Можно ли рассматривать их как правомерный оперативный эксперимент, направленный на выявление, пресечение и раскрытие преступления, выявление лиц, подготавливающих и совершающих преступление, возможность проведения которого закреплена в ст. 6 Федерального закона от 5 июля 1995 г «Об оперативно-розыскной деятельности»[75]? При положительном ответе на этот вопрос действия оперативных сотрудников должны быть признаны правомерными, а разоблаченный взяточник подлежит уголовной ответственности. Или же имела место провокация, которая не может быть оправдана самыми высокими целями и интересами борьбы с преступностью[76]?
Закон «Об оперативно-розыскной деятельности» в ст. 7 устанавливает, что основанием для проведения оперативно-розыскных мероприятий являются, в частности, ставшие известными органам, осуществляющим оперативно-розыскную деятельность, сведения о признаках подготавливаемого, совершаемого или совершенного противоправного деяния, а также о лицах, его подготавливающих, совершающих или совершивших. В ст. 8 названного Закона непосредственно об оперативном эксперименте сказано, что проведение его допускается «только в целях выявления, предупреждения, пресечения и раскрытия тяжкого преступления, а также в целях выявления и установления лиц, их подготавливающих, совершающих или совершивших»[77]. Однако описанные действия оперативных служб не выявляют и не раскрывают прежние случаи взяточничества со стороны должностного лица (даже если они фактически имели место). Здесь не будет и предупреждения готовящегося преступления, ибо никаких действий даже приготовительного характера, направленных на получение взятки, должностное лицо до склонения его к этому оперативным сотрудником не совершало, и тем более нет пресечения совершаемого преступления. Иначе говоря, подобные действия оперативных служб — типичная провокация.

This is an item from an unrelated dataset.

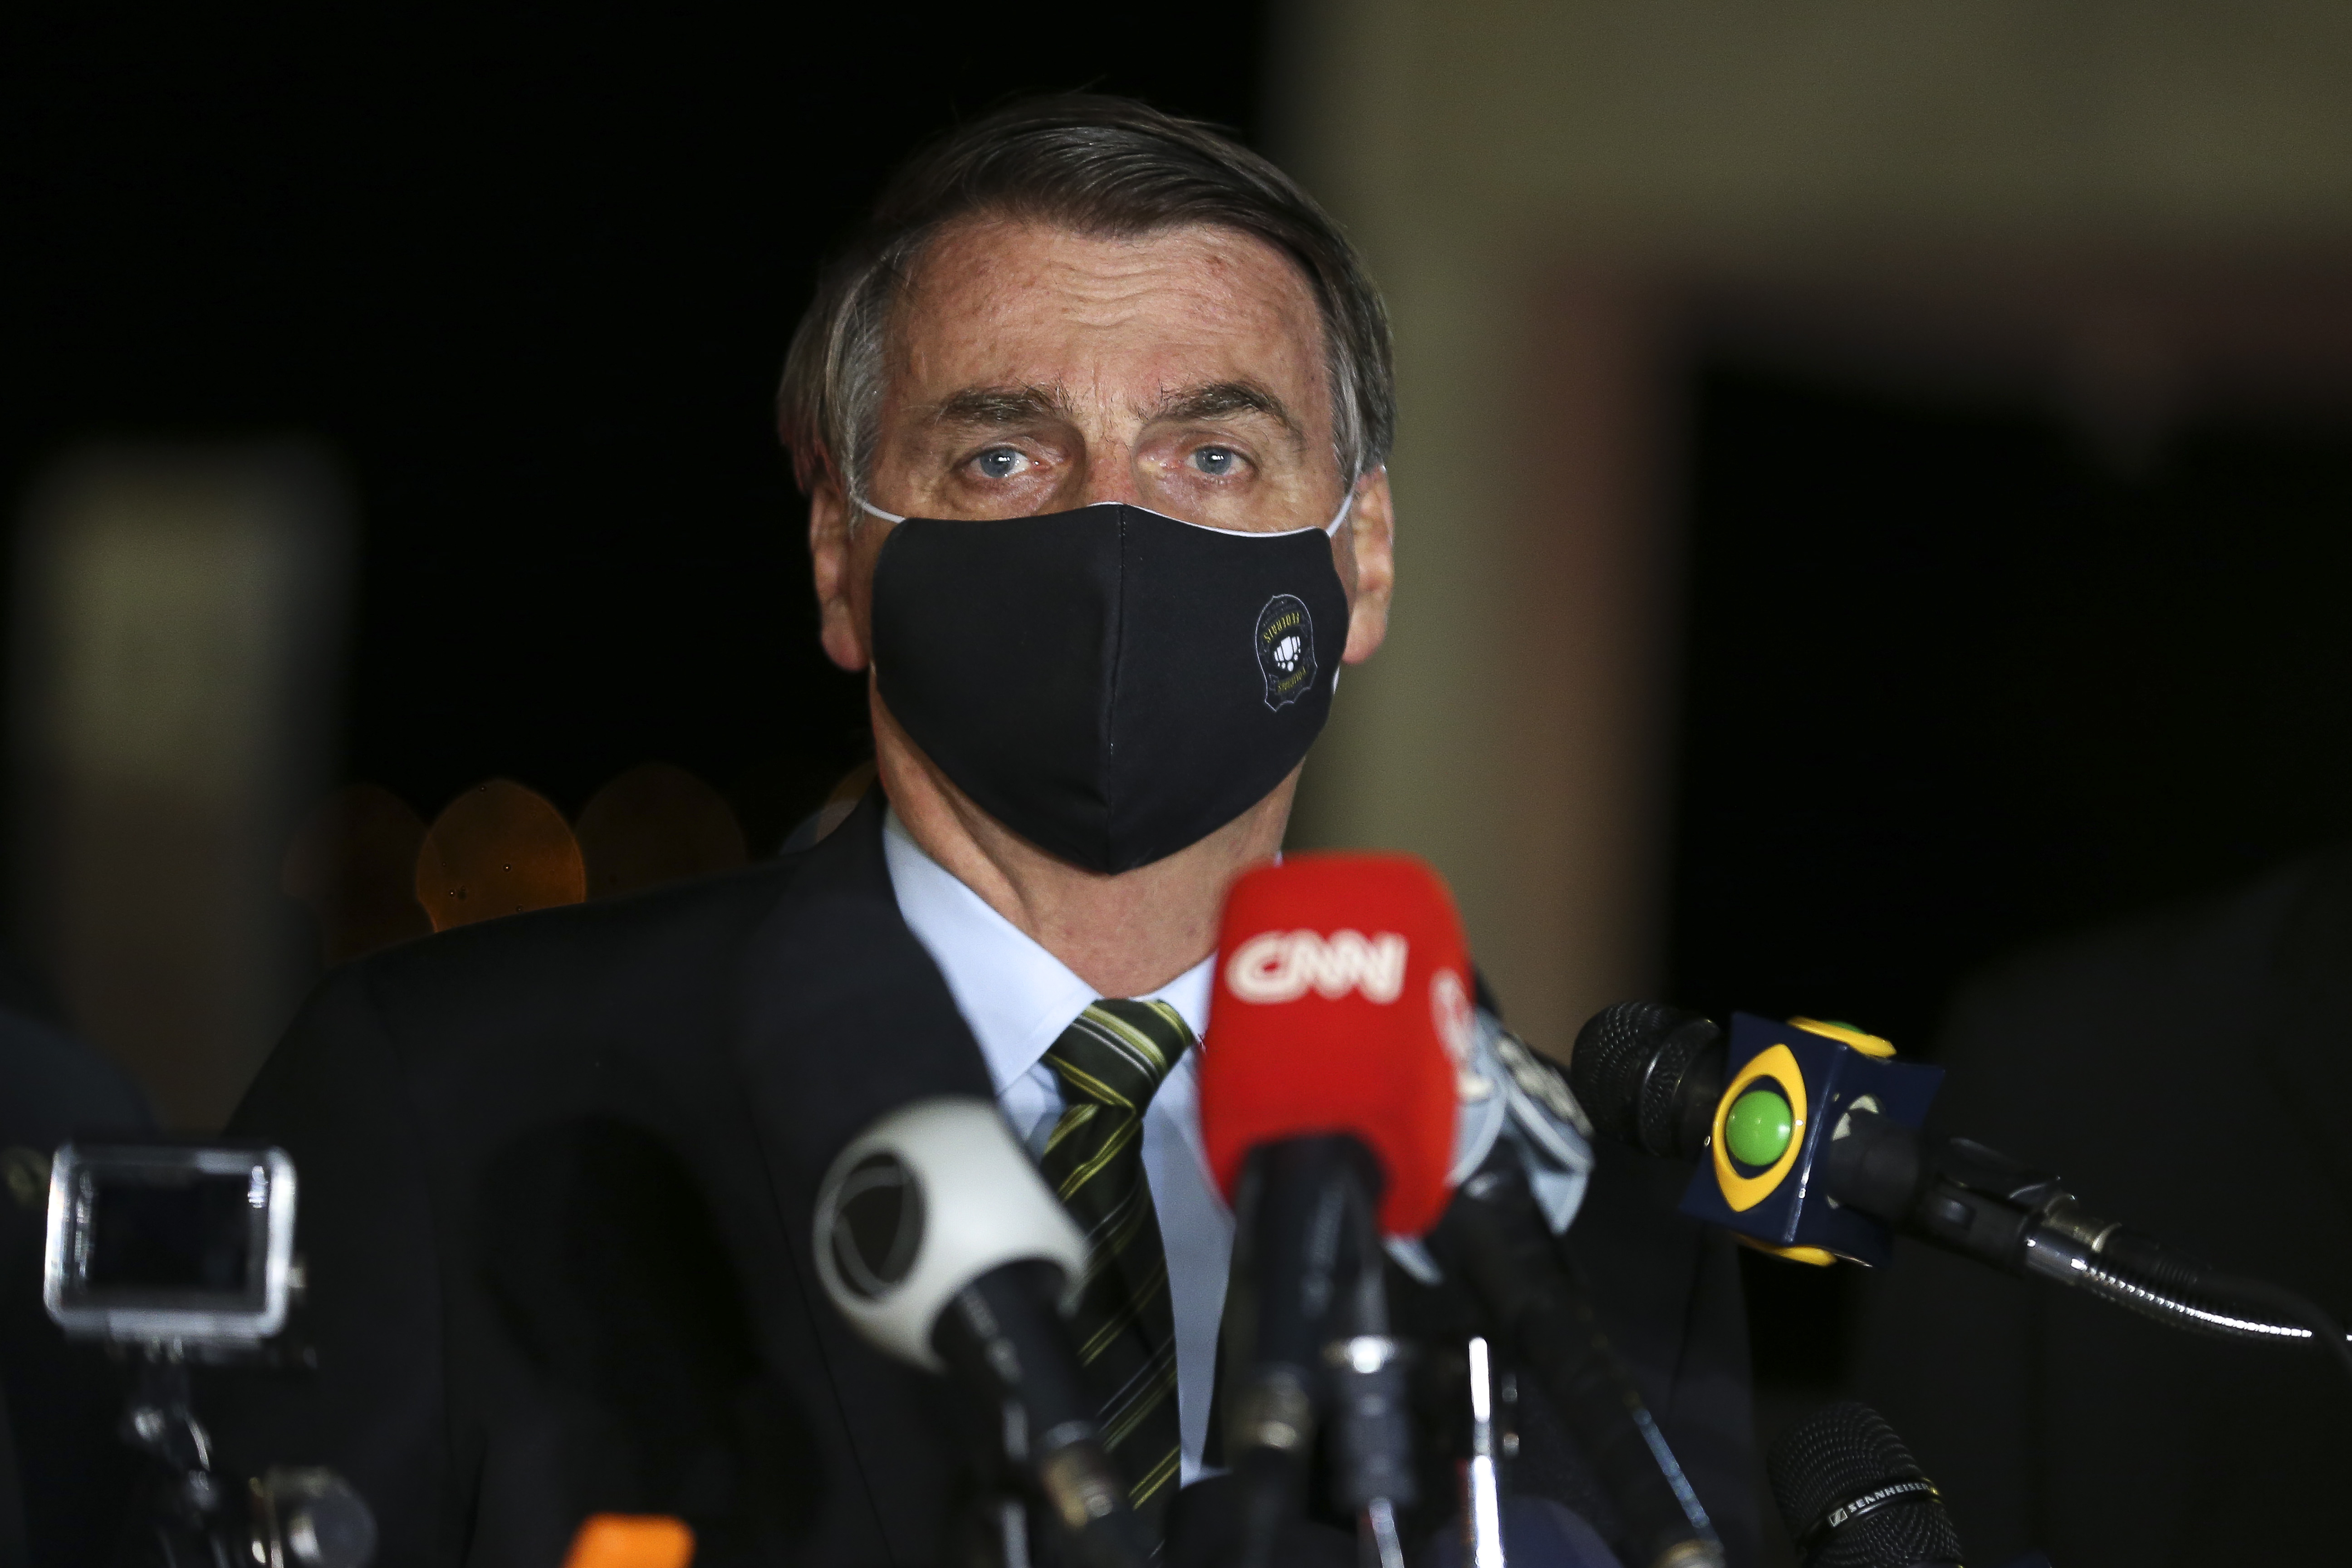 O presidente Jair Bolsonaro conversa com repórteres no Palácio da Alvorada

Проблемные вопросы уголовной ответственности провокаторов и лиц, спровоцированных к получению или даче взятки, очень активно обсуждались в уголовно-правовой литературе 20-х гг., поскольку в УК РСФСР 1922 г. и 1926 г. содержались специальные нормы об ответственности за провокацию взятки. При этом, если в ст. 115 УК 1922 г. говорилось только о провокации дачи взятки, то согласно ст. 119 УК 1926 г. под провокацией взятки понималось уже заведомое создание должностным лицом обстановки или условий, вызывающих предложение или получение взятки, в целях последующего изобличения давшего или принявшего взятку. Многие авторитетные ученые (А.А. Жижиленко, А.Н. Трайнин, А. Гюнтер) полагали, что взяткодатель и взяткополучатель, спровоцированные к соответствующему деянию, уголовной ответственности не подлежат[78]. Напротив, Г. И. Волков считал, что при провокации со стороны должностного лица взяткодатель виновен в покушении на дачу взятки[79]. По мнению А. Эстрина, частные лица, спровоцированные на дачу взятки, ответственности не подлежат; должностные лица, допустившие себя спровоцировать на получение взятки, несут ответственность за это преступление[80].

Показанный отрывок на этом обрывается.